** TASK DIRECTIONS **
From the listing that follows, output everything exactly except the pictures.
DATASET CONTENT Block Start
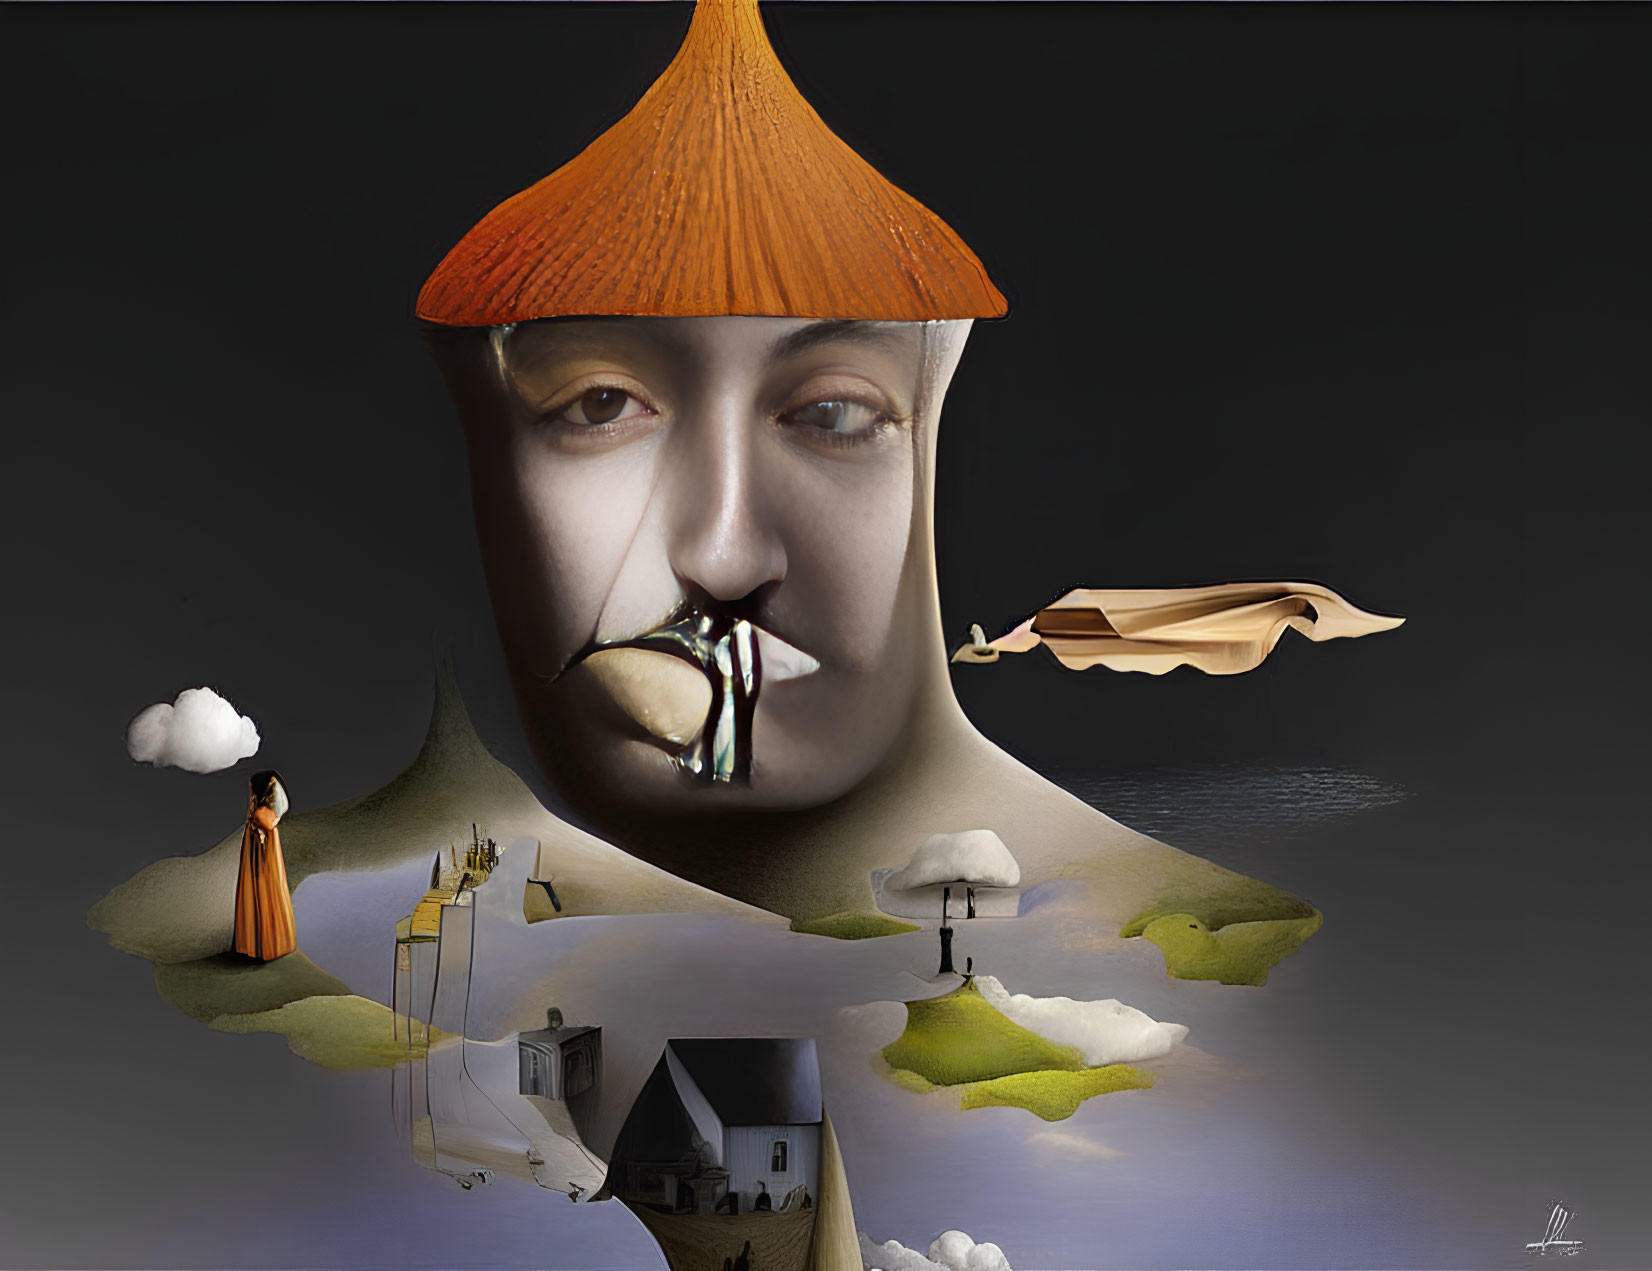 Surreal artwork: face with roof hat, clouds, water, boat, houses integrated.
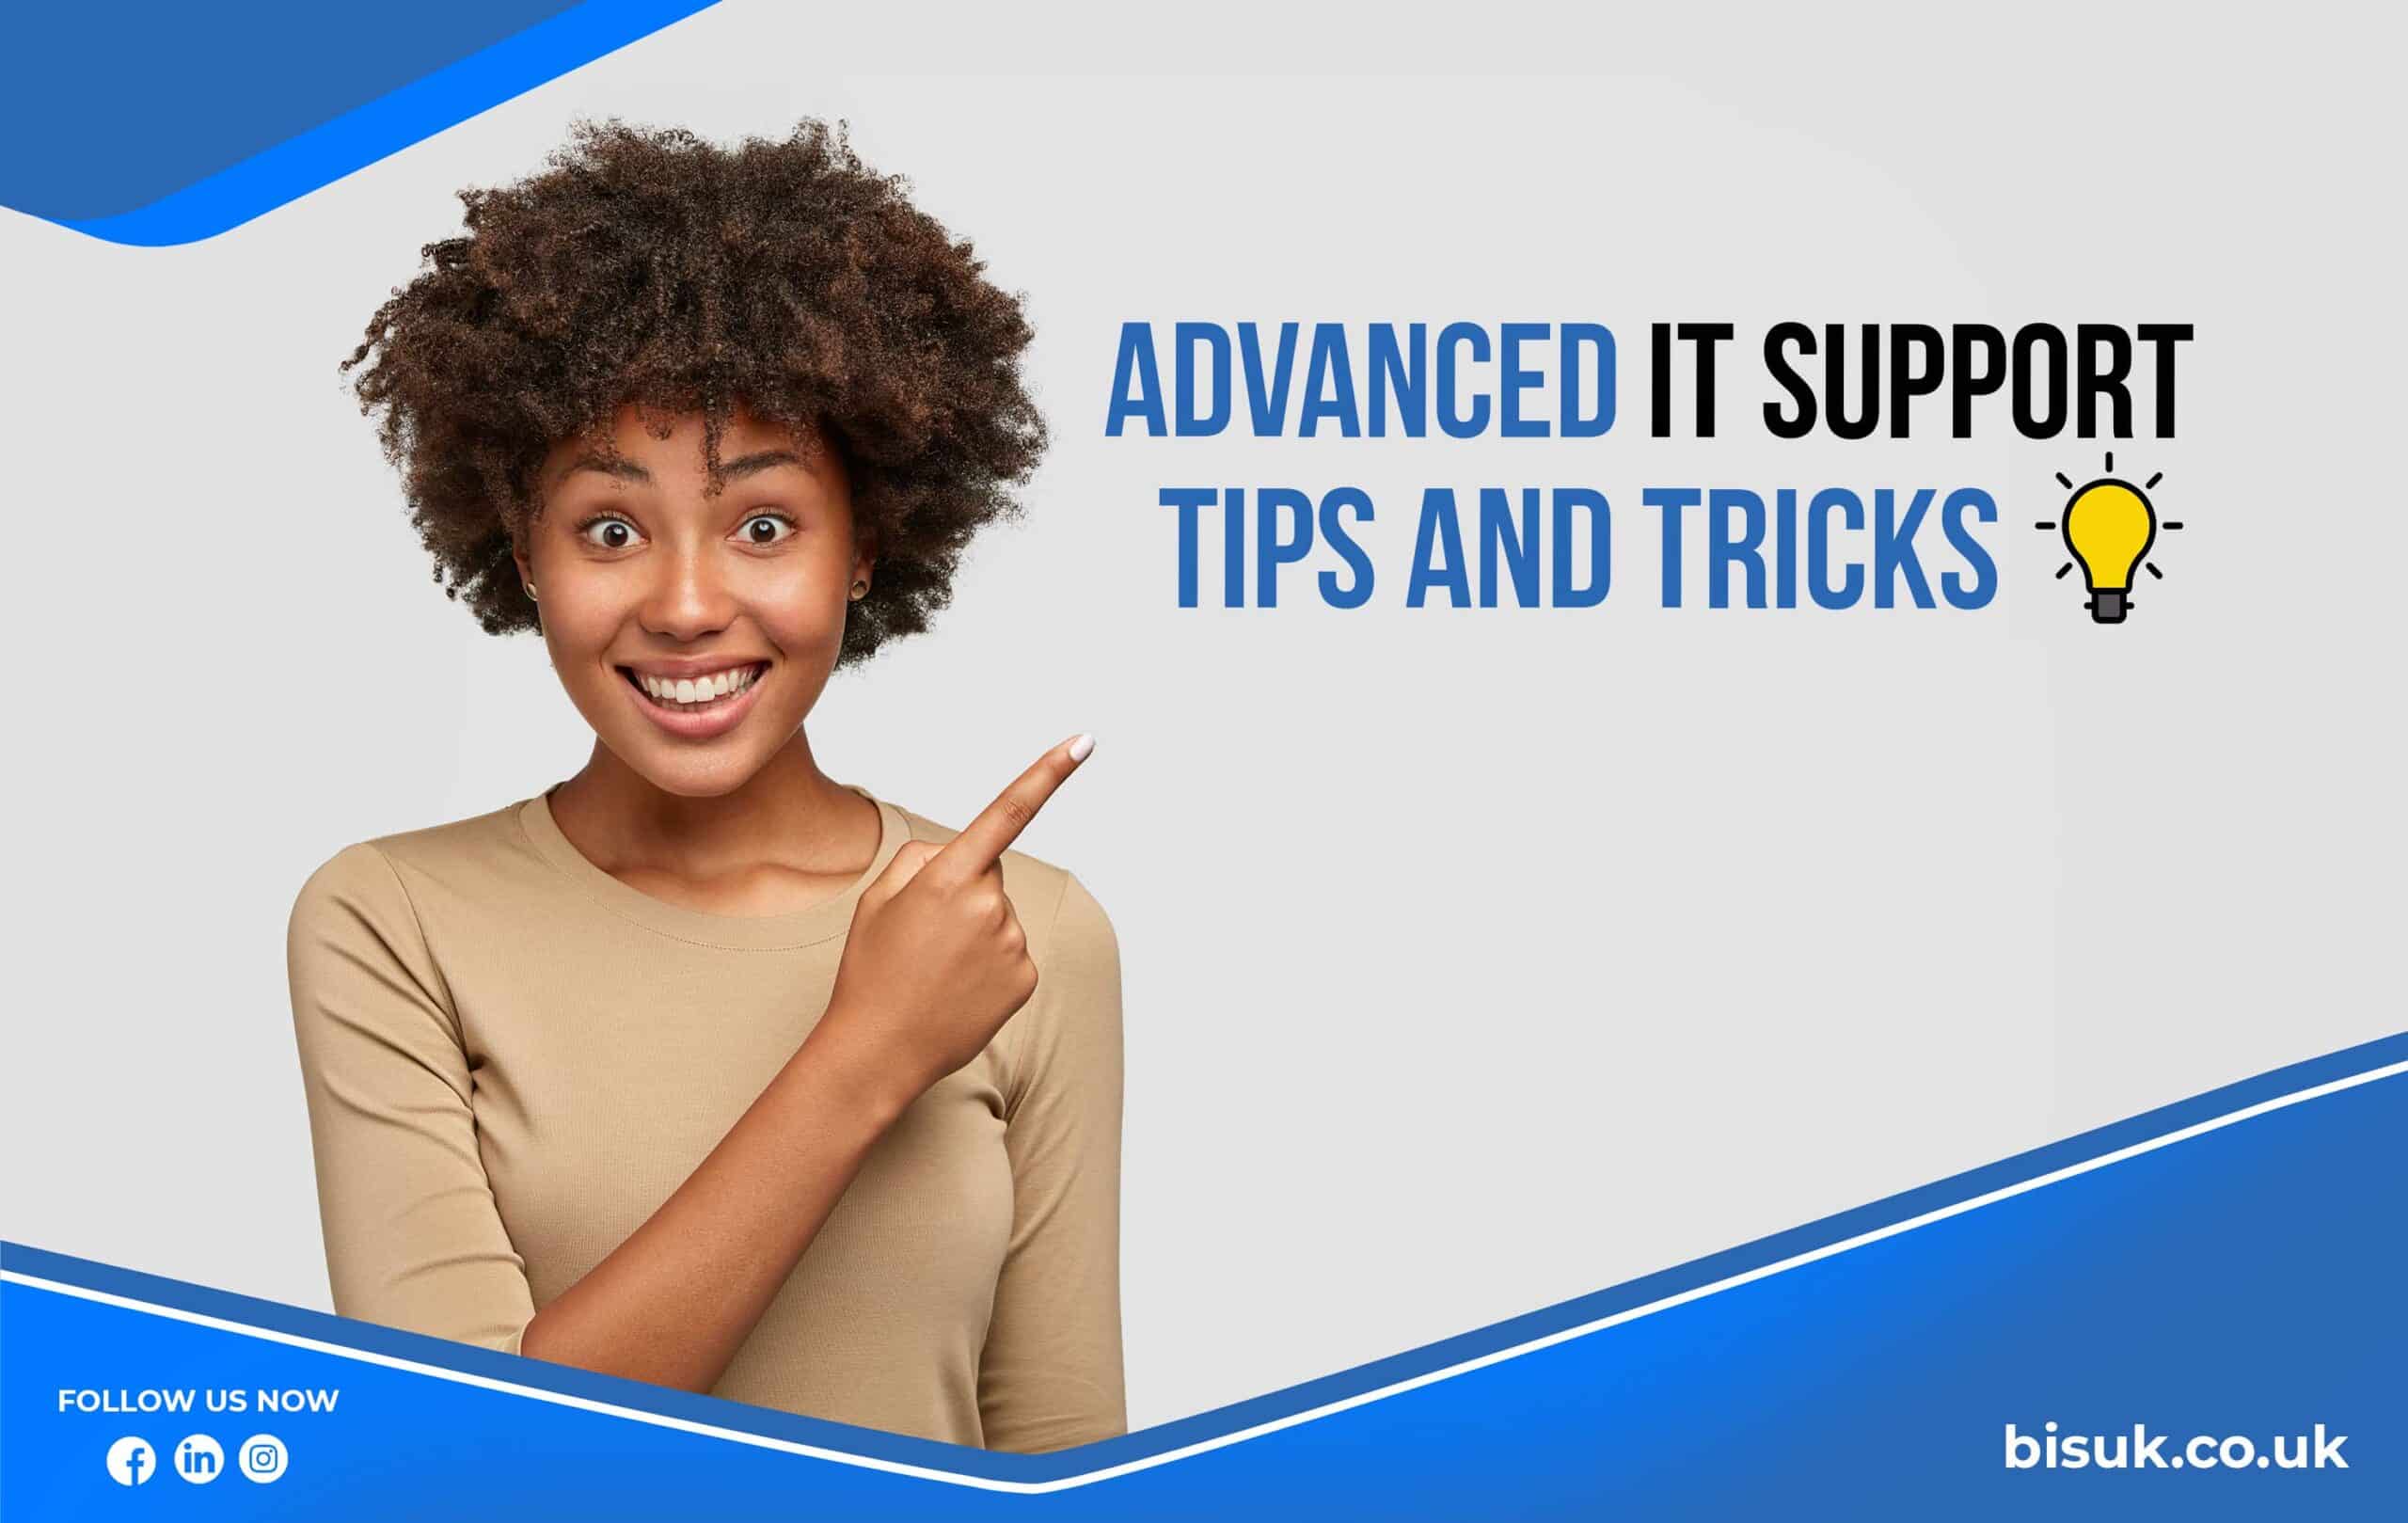 Advanced IT support tips and tricks
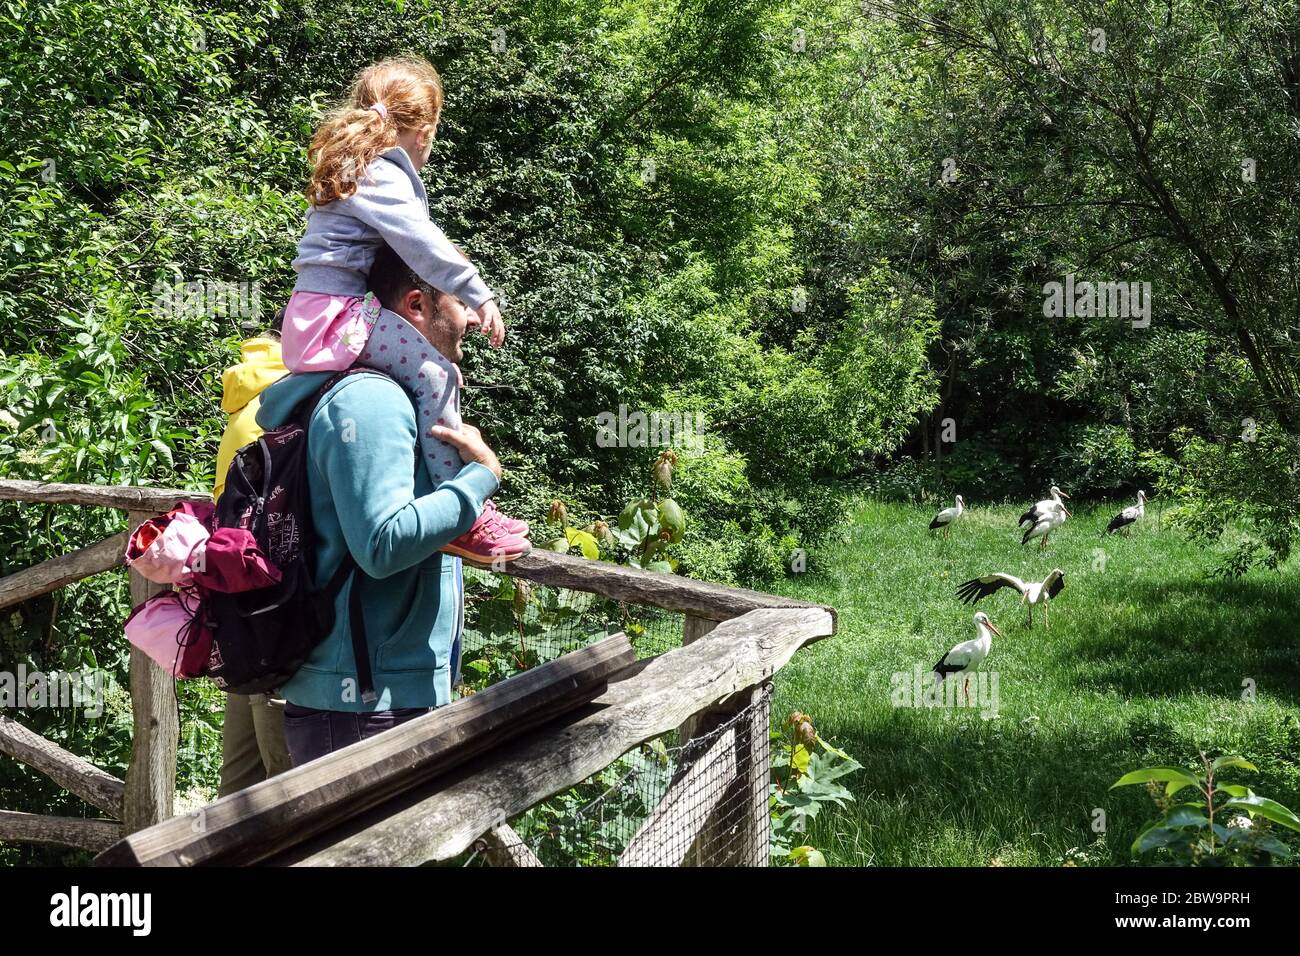 Prague Zoo family People, visitors, watch the birds, good event for a day trip for family with children Prague daily life zoo animals people Stock Photo
DATASET CONTENT Block End
** RESULT **
 Surreal artwork: face with roof hat, clouds, water, boat, houses integrated.
 Advanced IT support tips and tricks
 Prague Zoo family People, visitors, watch the birds, good event for a day trip for family with children Prague daily life zoo animals people Stock Photo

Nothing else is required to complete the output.